(RECORDED INFORMATION)

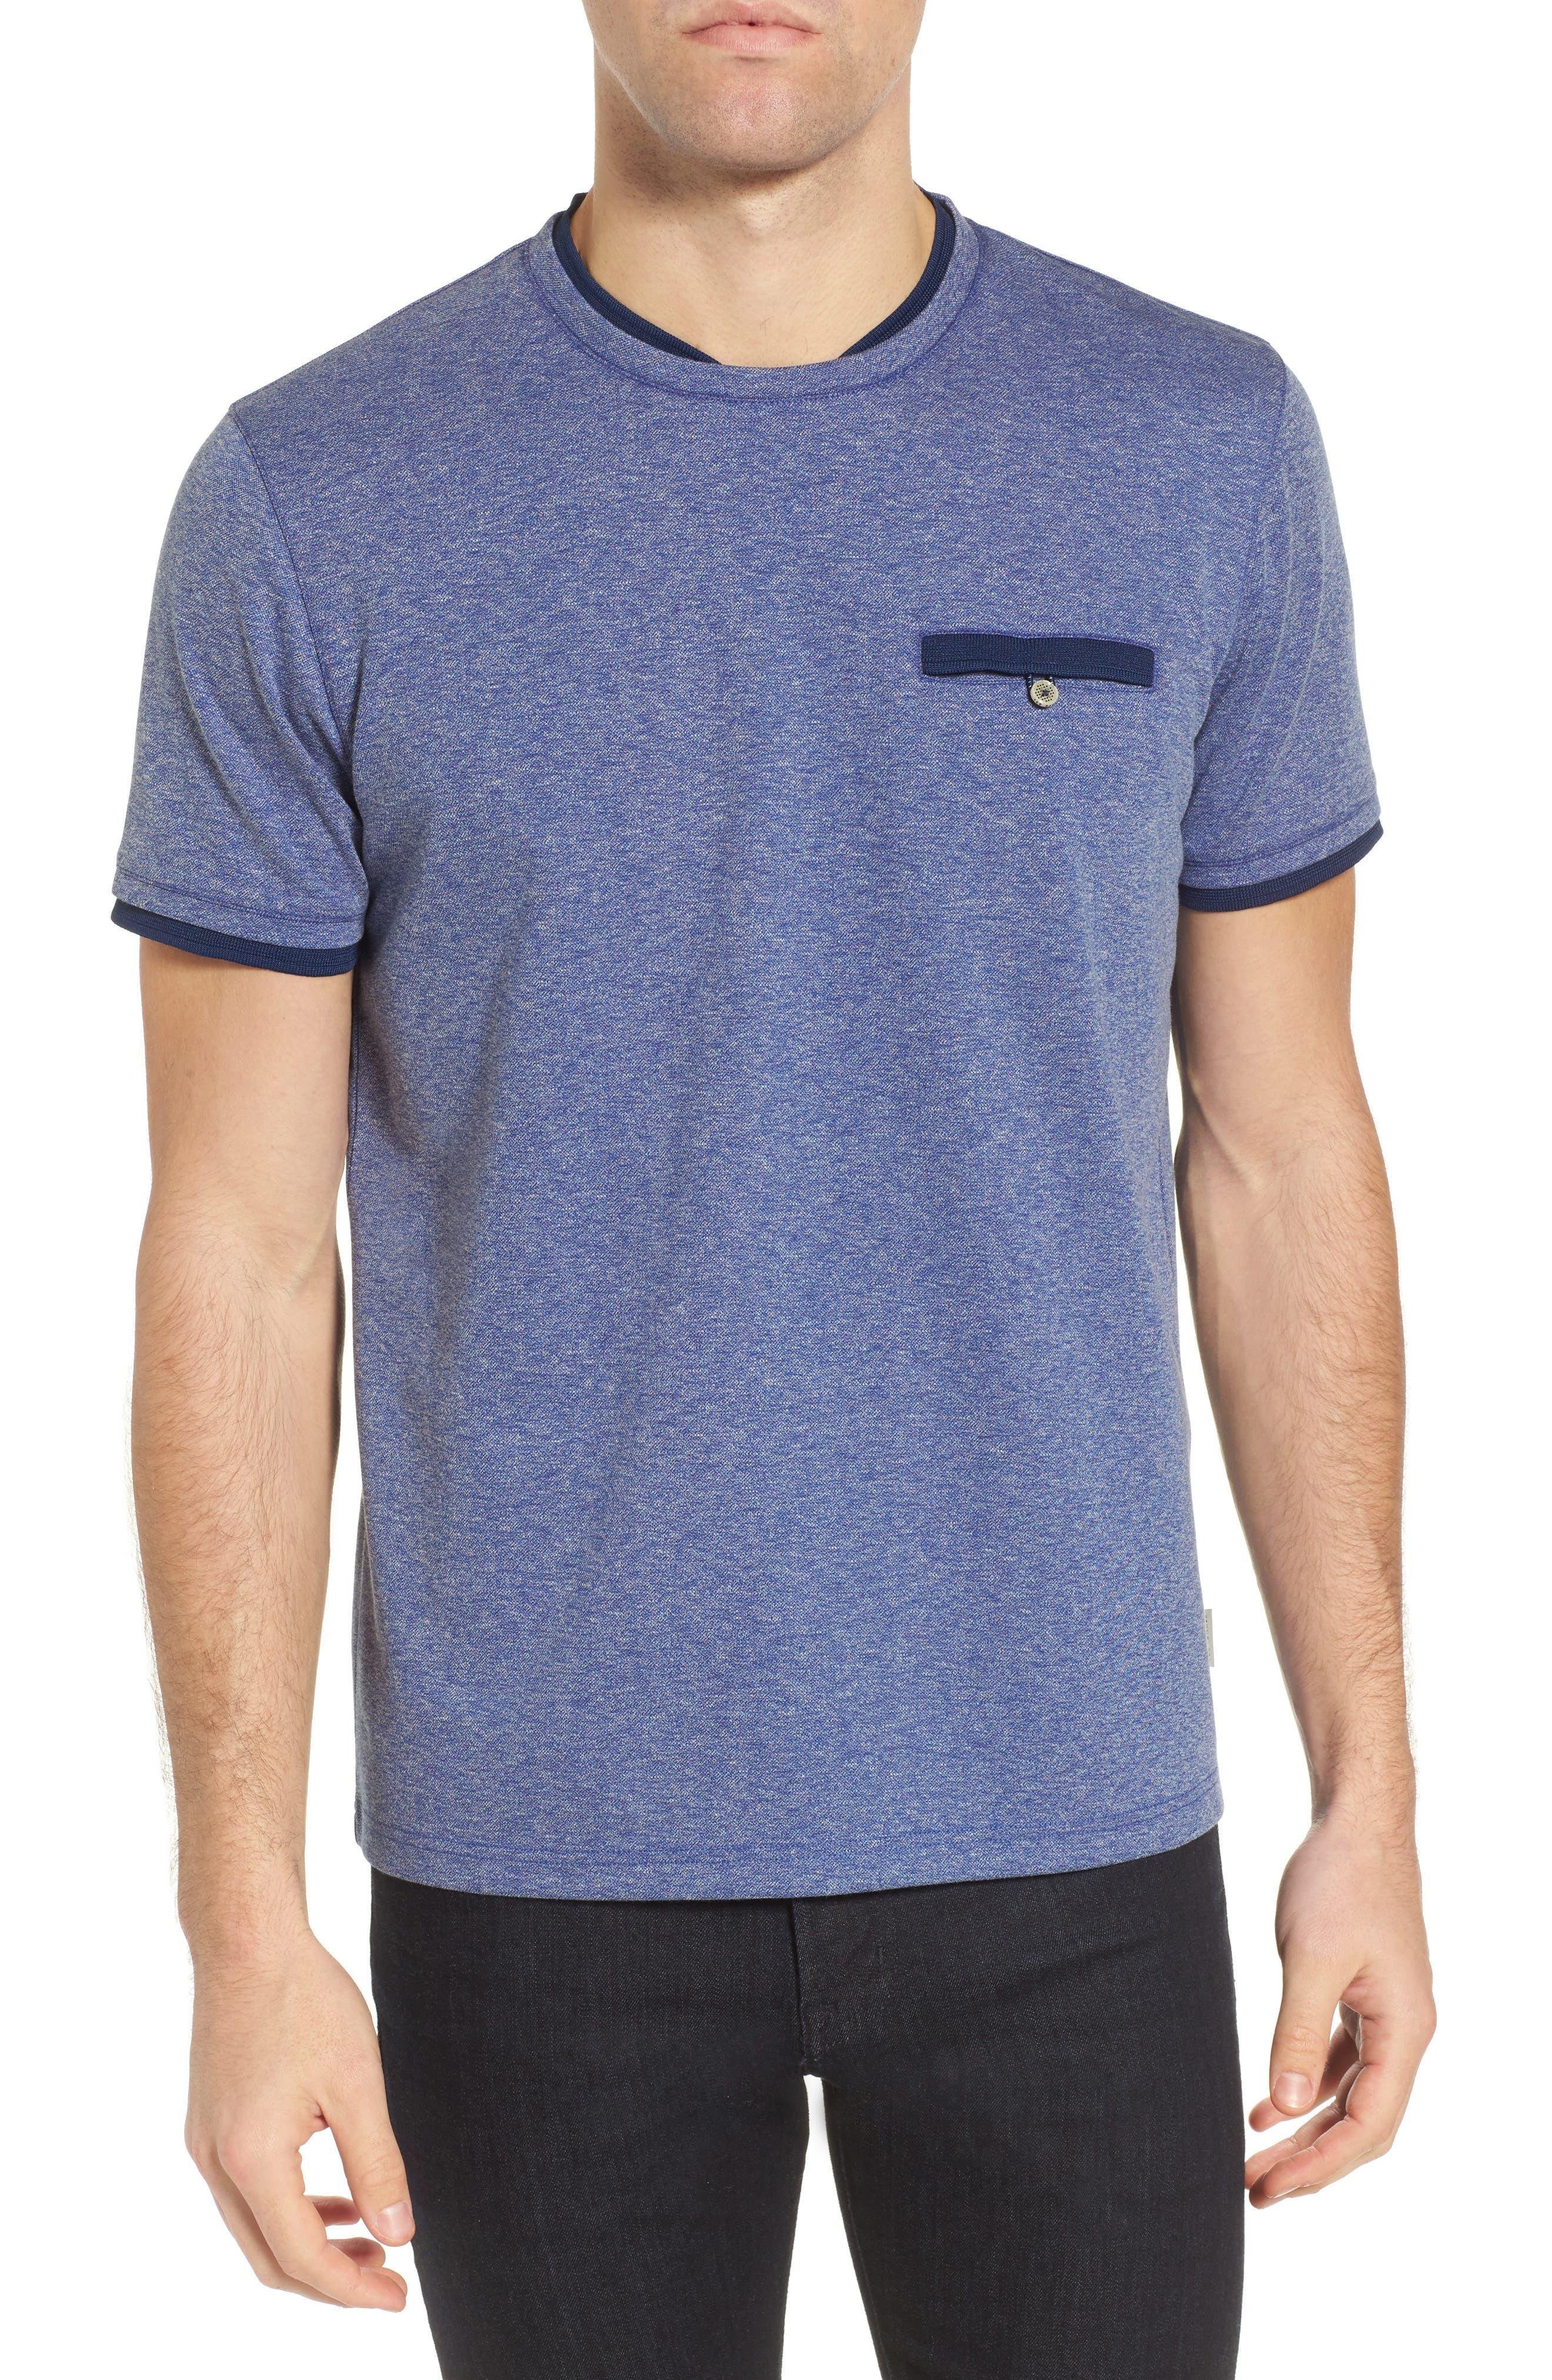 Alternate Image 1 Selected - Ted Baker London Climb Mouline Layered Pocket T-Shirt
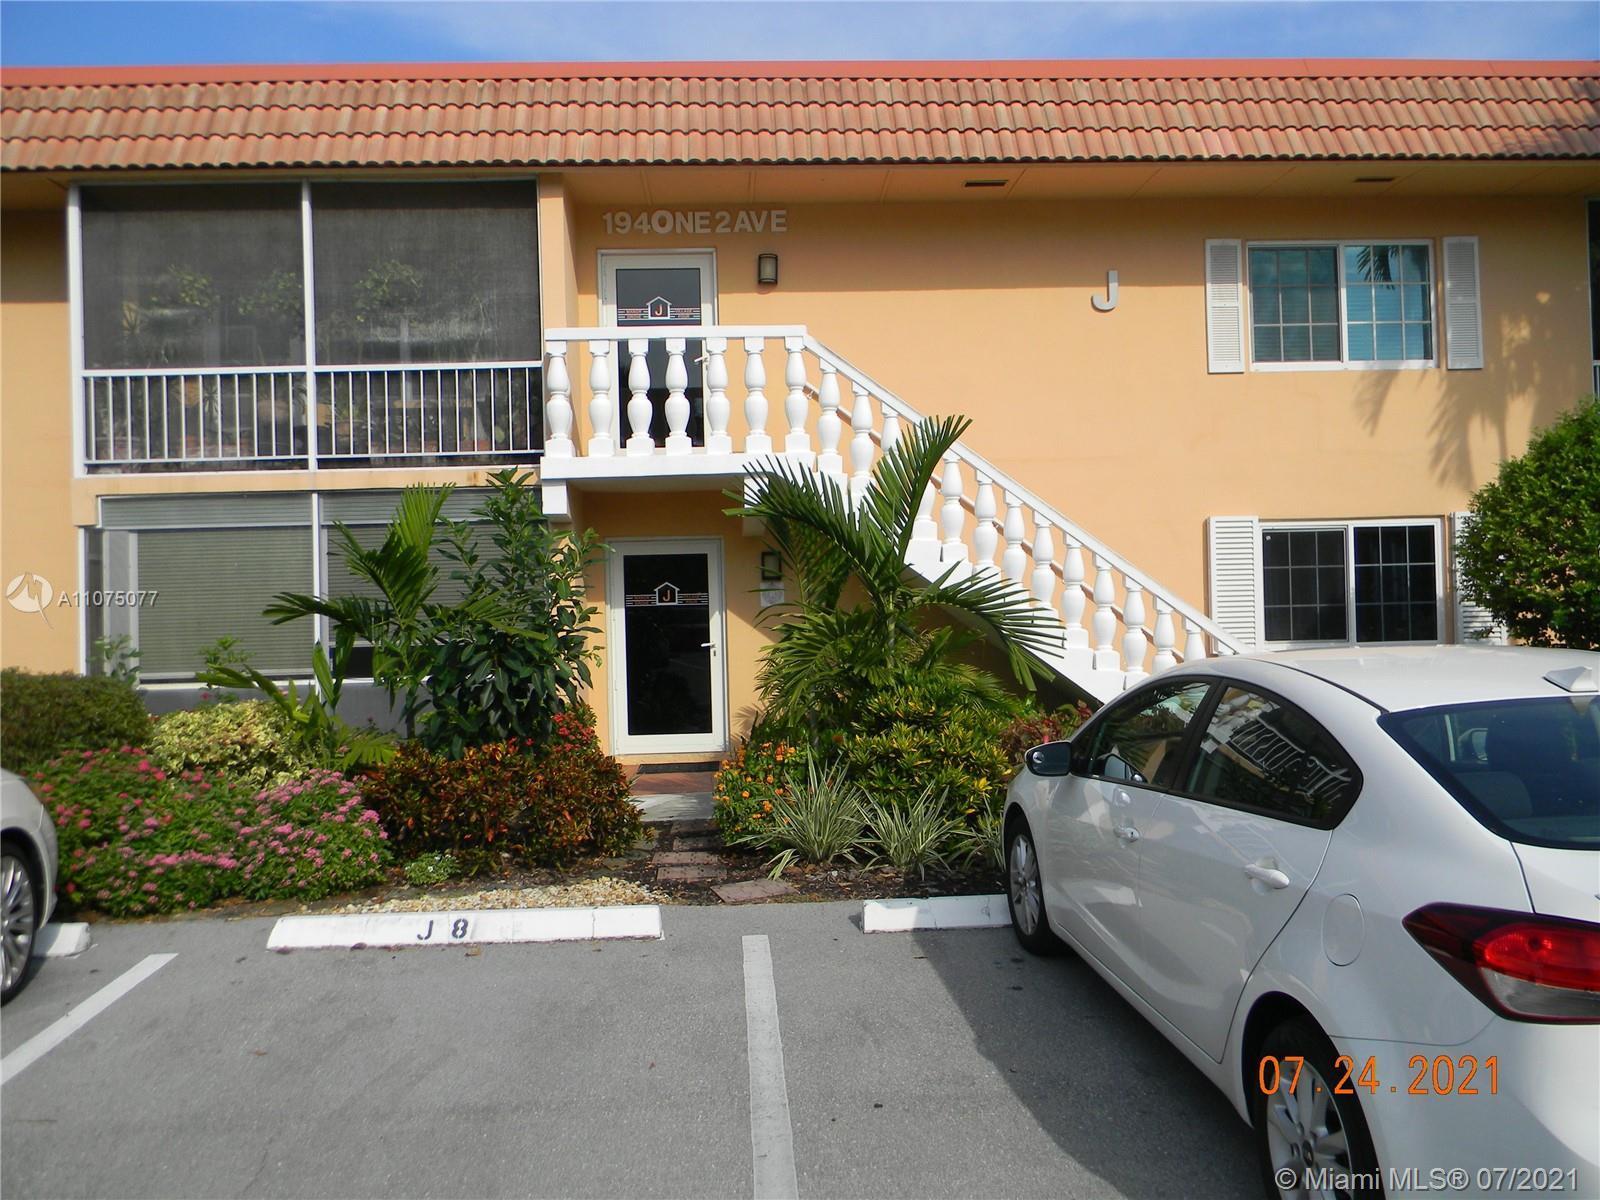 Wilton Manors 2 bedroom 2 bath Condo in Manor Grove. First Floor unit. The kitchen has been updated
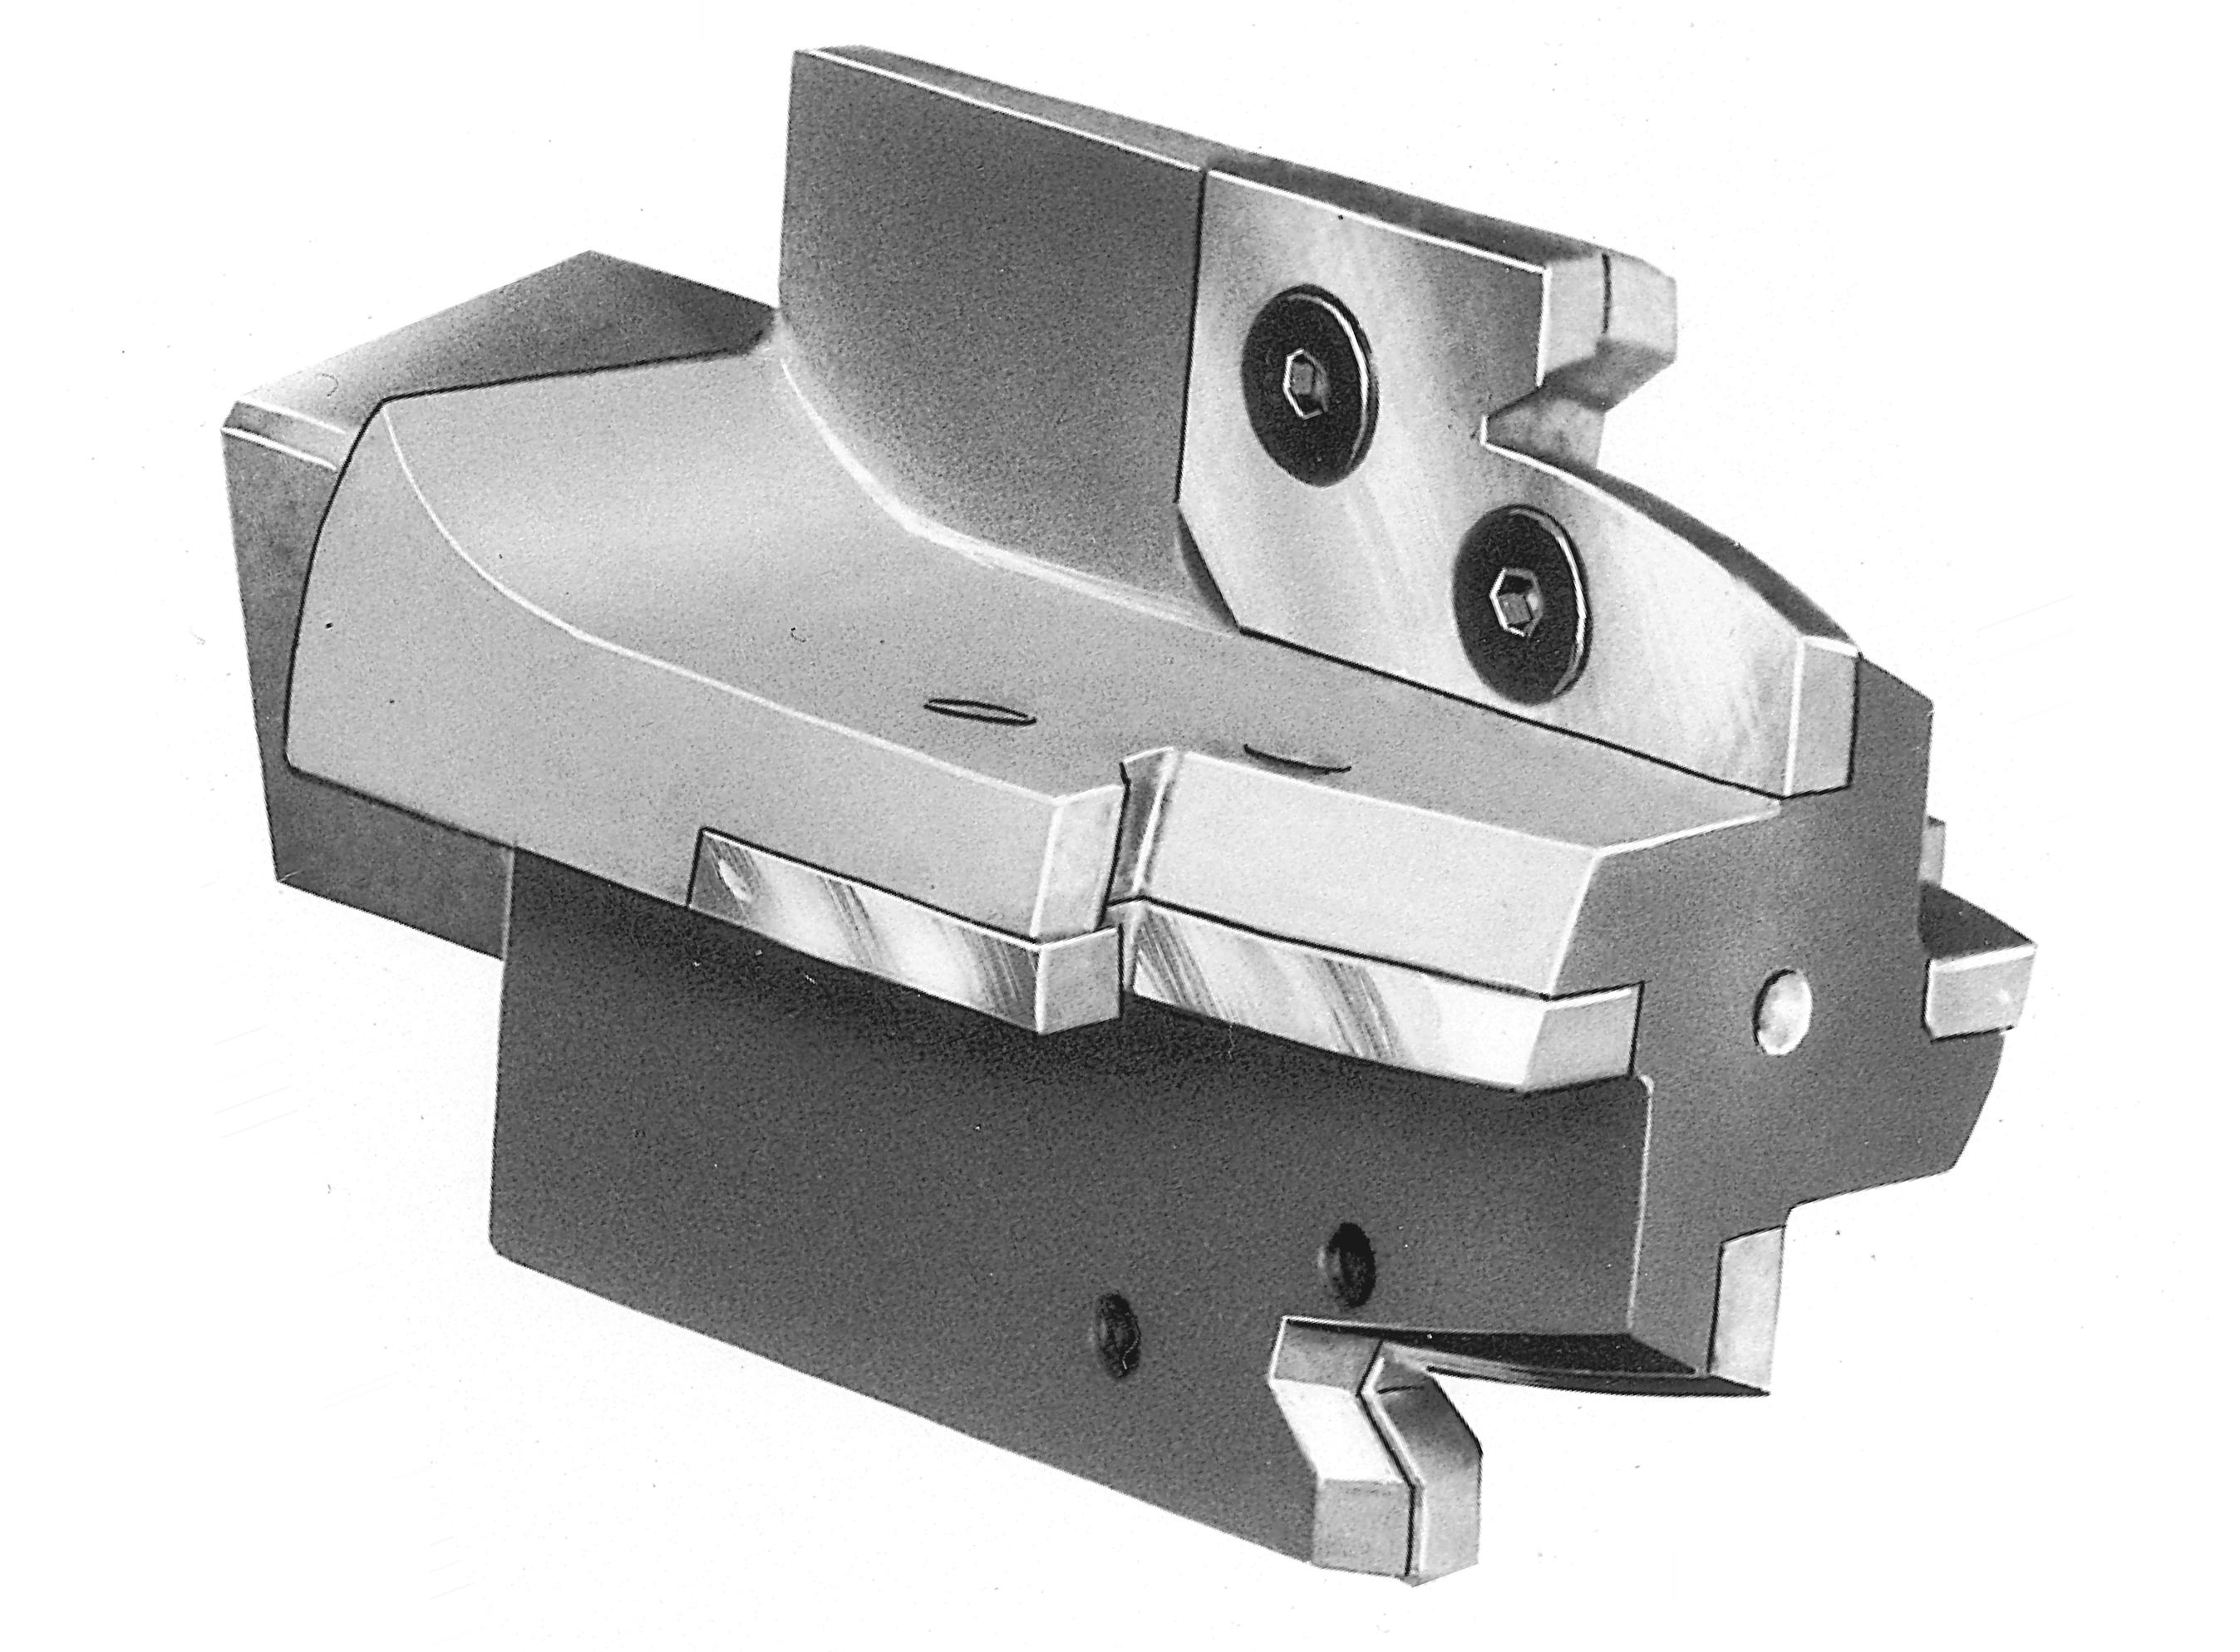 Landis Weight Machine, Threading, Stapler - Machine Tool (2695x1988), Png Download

(WHAT THIS TASK INVOLVES) Transcribe all the lines above exactly, apart from the pictures.

(ANSWER SECTION)
 Alternate Image 1 Selected - Ted Baker London Climb Mouline Layered Pocket T-Shirt
 Wilton Manors 2 bedroom 2 bath Condo in Manor Grove. First Floor unit. The kitchen has been updated
 Landis Weight Machine, Threading, Stapler - Machine Tool (2695x1988), Png Download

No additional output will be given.